- Born: 18 November 1939 Whitecroft, Gloucestershire, England
- Died: 14 February 2018 (aged 78)
- Education: Cirencester Grammar School
- Occupation: Journalist • television producer • documentary filmmaker
- Employer: Gloucestershire Echo • The Argus • BBC

= John Pitman (journalist) =

British journalist (1939–2018)

John Pitman (18 November 1939 – 14 February 2018) was an English journalist, television producer and documentary filmmaker. He began his on-screen career as a researcher on Braden's Week but later became known for his reporting work on the BBC2 documentary series Man Alive.

== Biography ==
Pitman was born in Whitecroft, in the Forest of Dean, Gloucestershire, to Maudie (née Morse) and William Pitman. He attended Bexhill-on-Sea and then Cirencester Grammar Schools. He began his career in journalism with the Gloucestershire Echo and Brighton Argus newspapers before moving to the Daily Mail and then on to the BBC. His first on-screen role was as reporter on Braden's Week with Bernard Braden and Esther Rantzen.

He was also known for reporting for the series The Big Time, an edition of which launched the career of the singer Sheena Easton and he presented a follow-up programme Sheena Easton - the Making of a Star. The programmes helped to make her international career. Other editions included footballer Lol Cottrell, and "Beaminster and District Gardens and Allotments Society Goes to Chelsea". The series was produced by Esther Rantzen. In the late 1980s he devised and reported Just Another Day - a series of documentaries following a notional 'Day in the Life' of English places, institutions and professions. Another important series devised by Pitman was The Other Half, exploring the lives of less well-known partners of celebrities. The sensitive and sympathetic film "Angus and Tony", on Angus Wilson and Tony Garrett, directed by Jonathan Gili, broke new ground. As did his series Fame which he devised and reported and featured among others Barbara Windsor and Ronnie Knight, her then husband.

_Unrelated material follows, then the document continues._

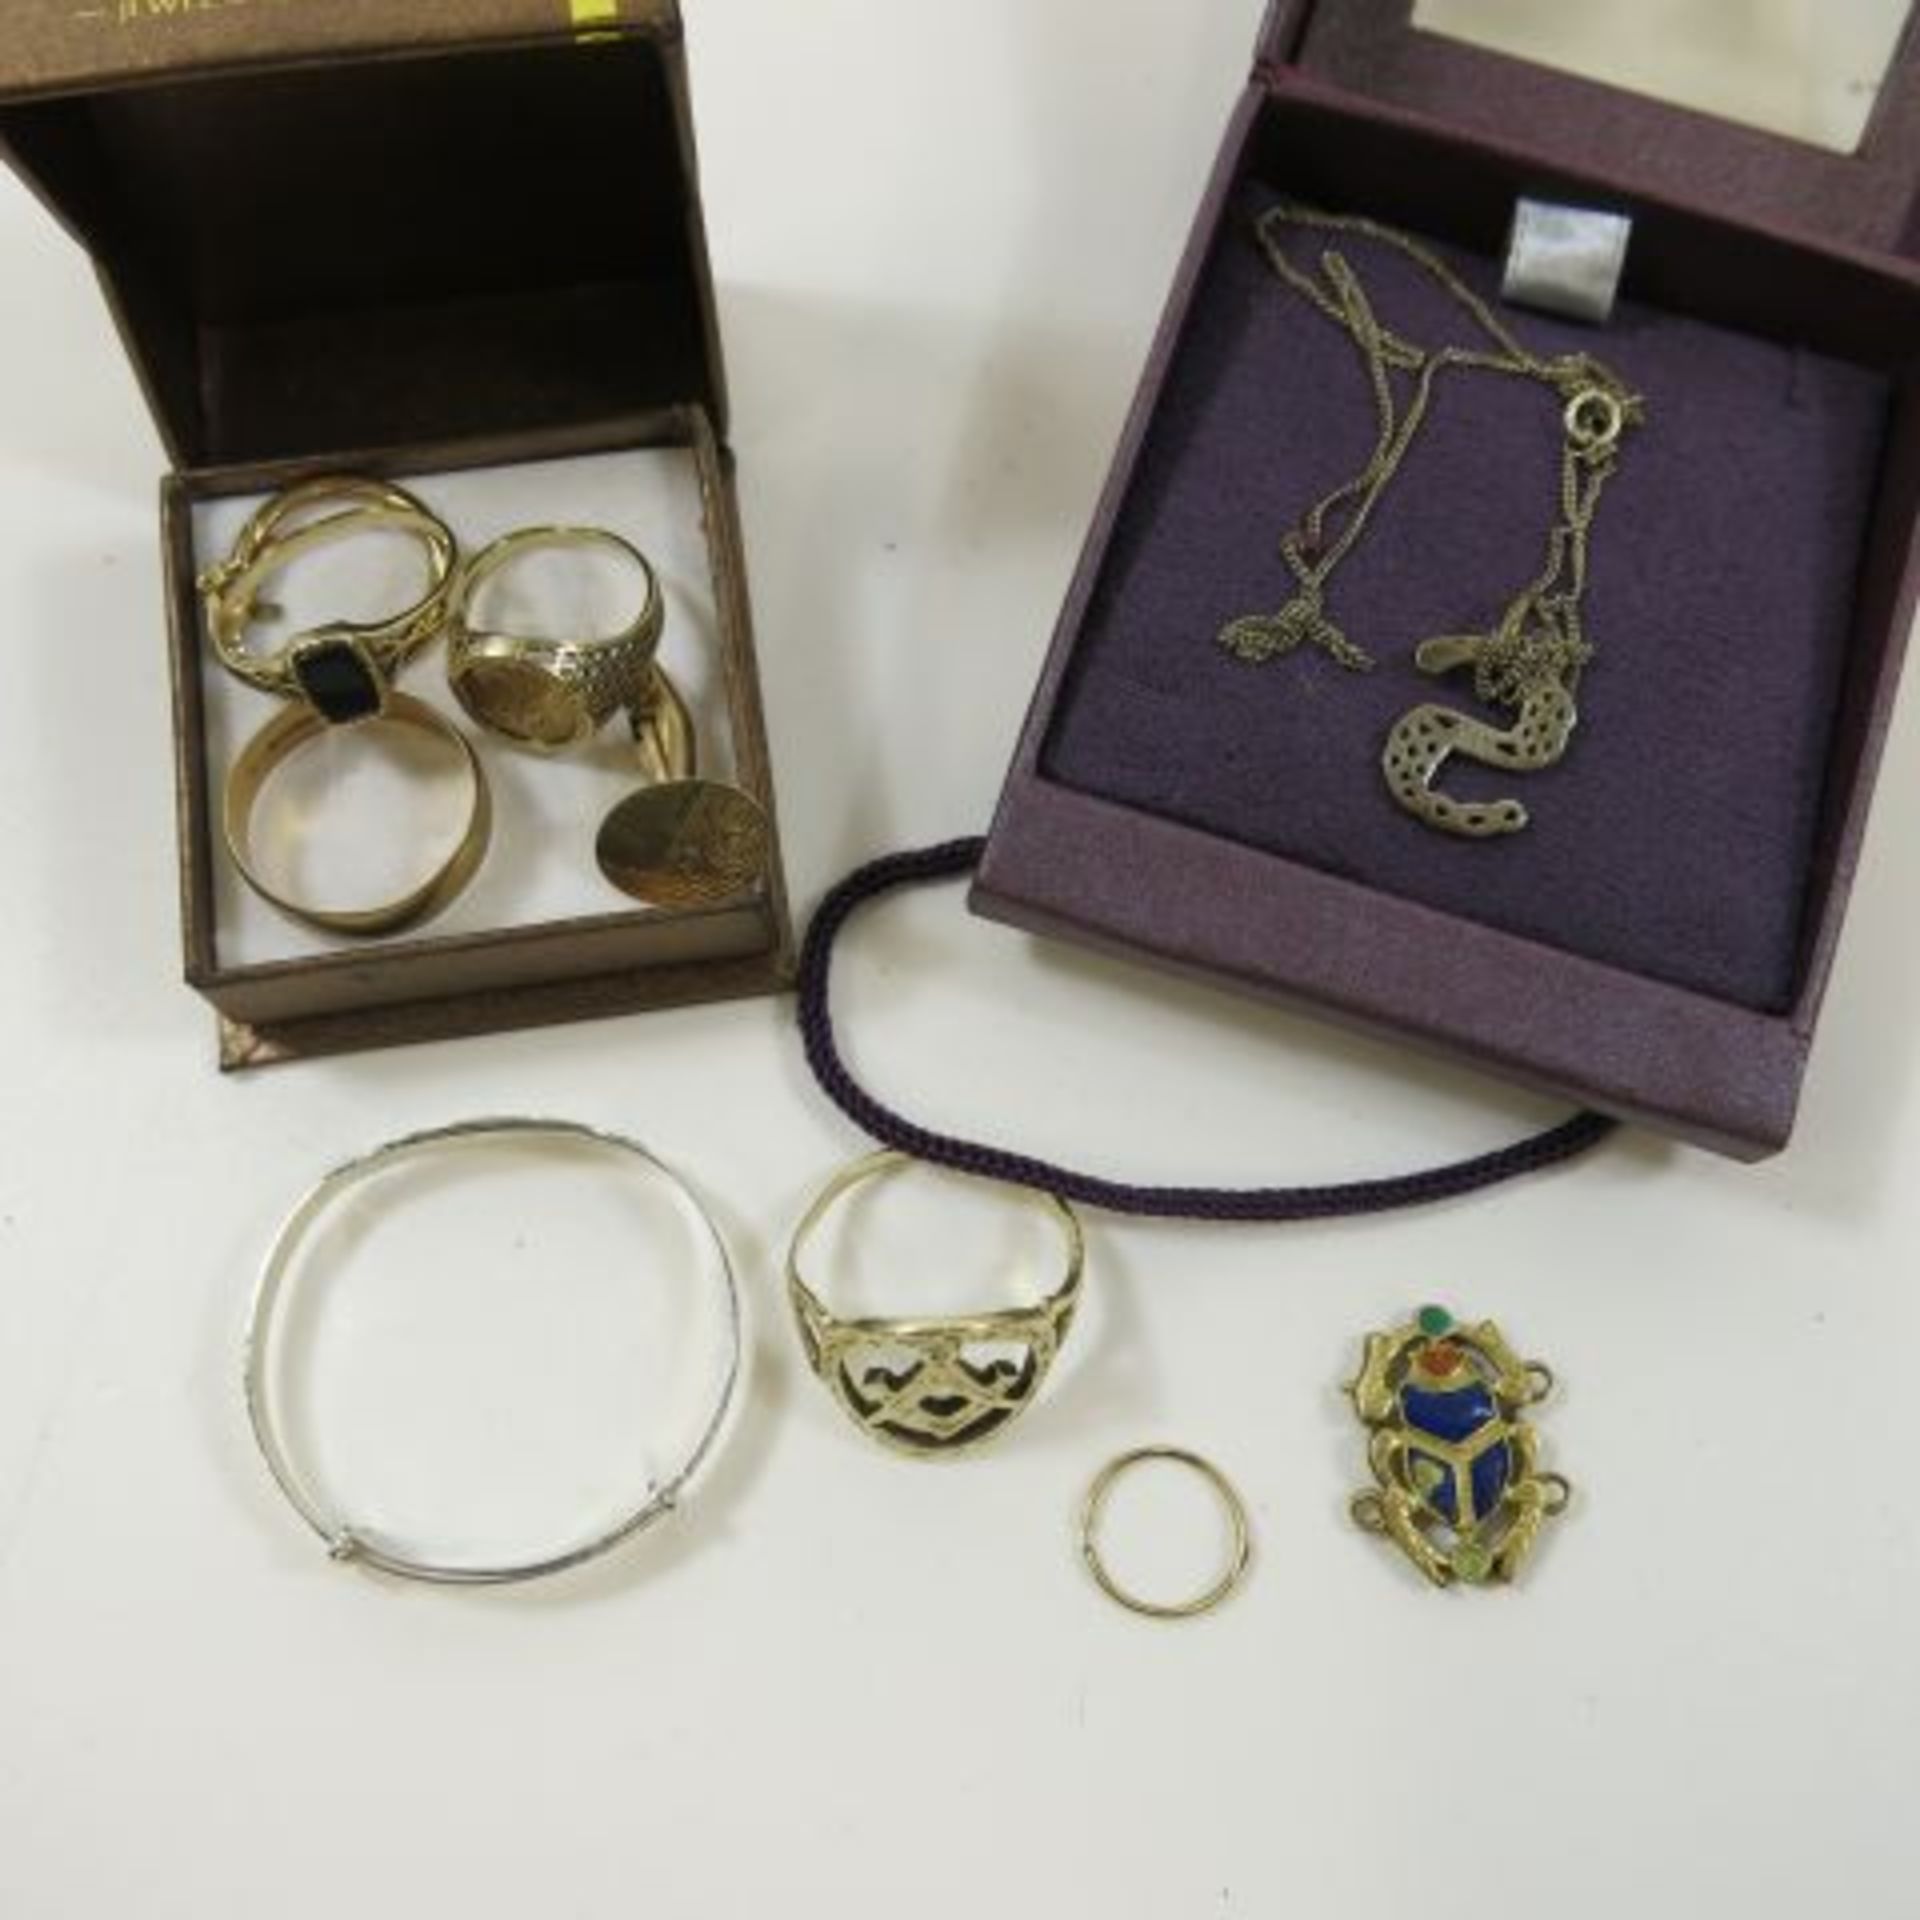 3 x 9 Carat Gold Rings and single Cufflinks (6.8g), Unmarked (possibly Gold) Masonic Ring, - Image 2 of 2
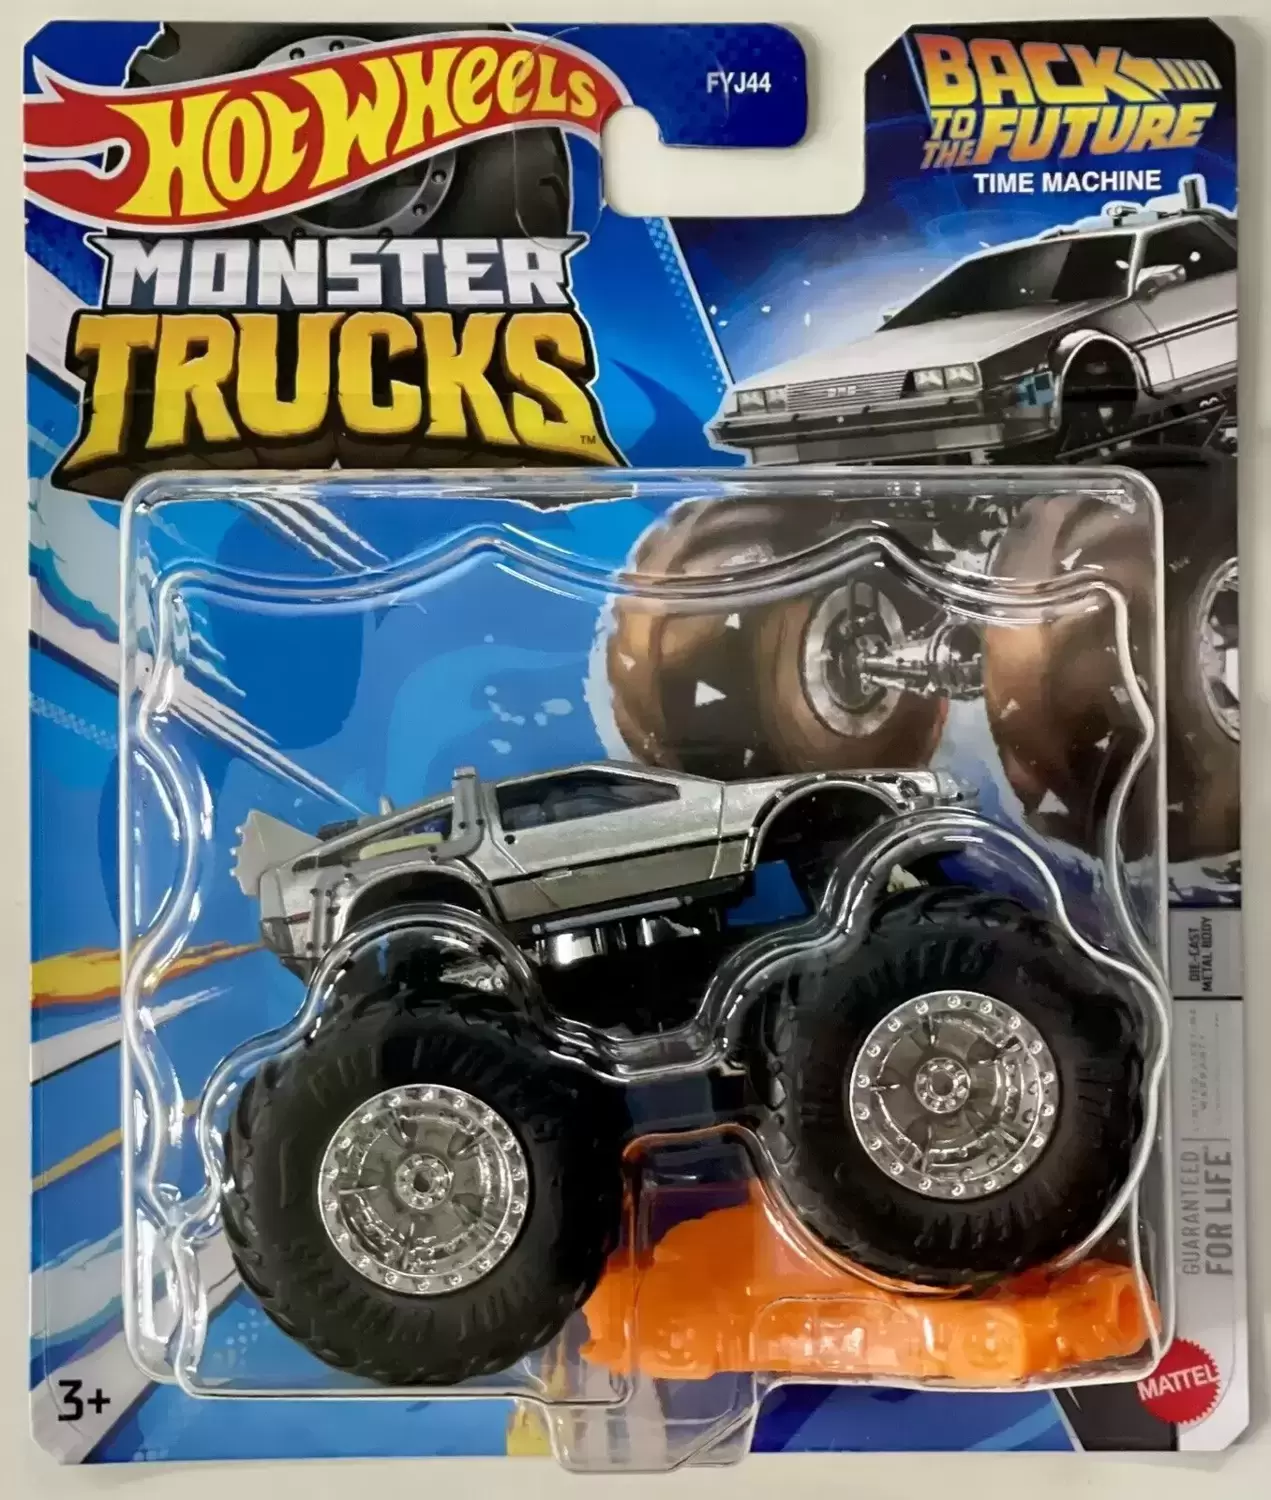 Monster Trucks - Back to the Future - Time Machine

Pitman was the reporter on the BBC1 documentary The Ritz, produced by Edward Mirzoieff, which won the BAFTA Award for Best Documentary of 1981. Later in the 1980s he turned director, contributing documentaries to the 40 Minutes series. Among the best-remembered are "Separate Tables", about retired elderly ladies in a hotel in Eastbourne, "Two sides of a Street", about gentrification in a West London suburb, and the life of Jessie Matthews.

After leaving the BBC, he became an independent producer and was appointed series producer of An Inspector Calls on Channel 4 for Twenty Twenty Television. He also contributed as reporter to the Holiday programme on BBC One.

Pitman died on 14 February 2018 at the age of 78. That's Life! presenter Esther Rantzen described him as “the brother I never had”, adding: "He had an unerring instinct about people. He could sense what was really going on and his documentaries were full of humanity and insight, and really quirky." He is survived by his nephew, Steven, and niece, Carole.